President Barack Obama’s one-year reprieve for Americans losing health insurance achieved at least one political aim: to slow a Democratic rush toward a Republican bill to curtail Obamacare coming to a vote today in the House.
Obama’s hour-long display of contrition yesterday over his health-care law, though, fell short of quelling the longer-term political crisis engulfing the president and his party over the botched rollout of the increasingly unpopular program.
Democrats running for re-election in 2014, particularly those in the Senate, are continuing to push for revamping the law. A Senate vote isn’t imminent, aides said.
Obama’s fix “doesn’t go as far as I’d like,” because it would only last one year, said Sen. Jeff Merkley, an Oregon Democrat seeking a second term. The public was told “you could choose between the individual plan you have and the plans that were on the exchange” without any time limits, he said.
The more immediate pressure on Obama came from House Democrats who will vote today on a measure from Republican Rep. Fred Upton of Michigan that would let Americans keep through the end of 2014 insurance plans that don’t meet the health law’s requirements. By proposing a similar move administratively, the president limited what could have been an embarrassing series of defections by Democrats.
Democratic Rep. Steve Cohen of Tennessee said at most 20 to 25 of his colleagues would vote for the Republican plan, now that Democrats think the administration has taken action and “turned a corner” by accepting responsibility.
There will be “a substantial reduction” in the number of Democrats backing the bill because of Obama’s move, Democratic Rep. Elijah Cummings of Maryland said in an interview.
Republicans dismissed the president’s move as designed to insulate his party rather than help hundreds of thousands of Americans who have received cancellation notices from insurers.
“Dressing up the same failed policy and pushing it past the 2014 elections is cynical politics at its worst,” Sen. Orrin Hatch of Utah said in a statement. Obama was trying to fix a “broken promise by making more empty promises,” and “hoping to shift the blame to states and insurance companies.”

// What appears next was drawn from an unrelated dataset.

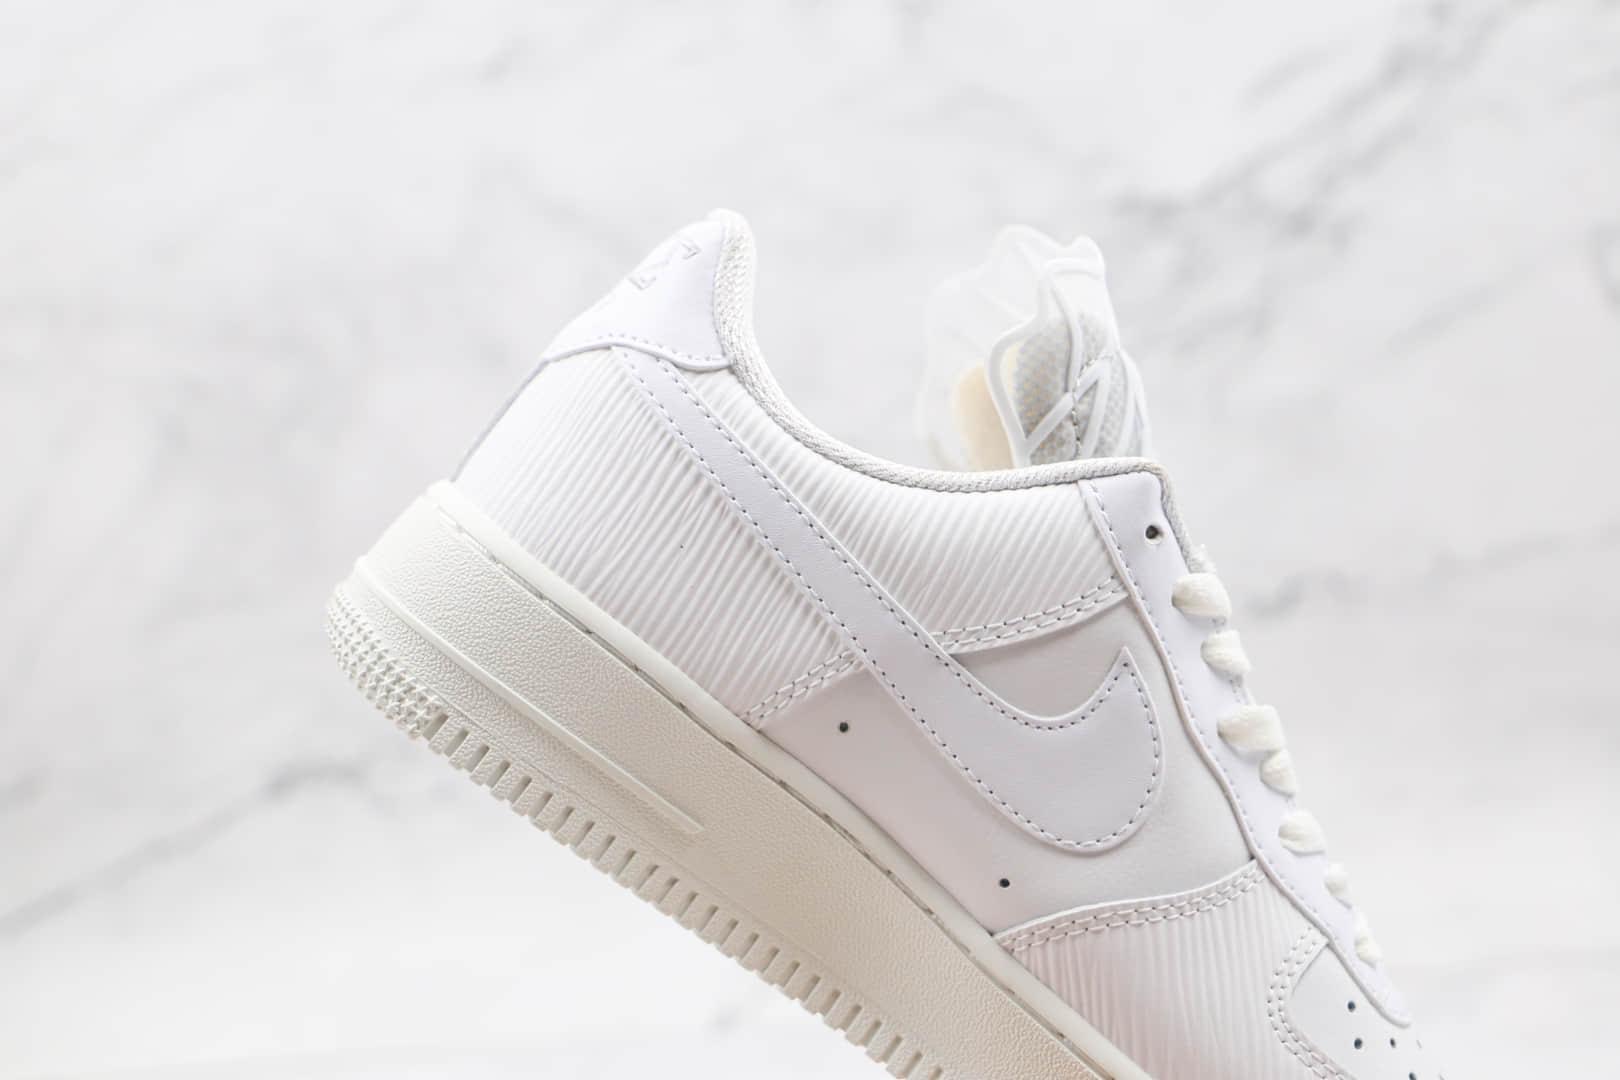 耐克Nike Air Force 1 Low Goddess of Victory纯原版本低帮空军一号白色网纱胜利女神板鞋内置气垫 货号:DM9461-100

Either way, Obama headed off some political pain for now. The larger problems with Obamacare’s rollout -- including technical difficulties with the federal website where consumers can select health coverage under the law -- haven’t gone away, and Obama will meet today with chief executive officers of health insurance providers to discuss the exchanges and other issues with the law, according to an administration official who requested anonymity to discuss the meeting in advance of a formal announcement.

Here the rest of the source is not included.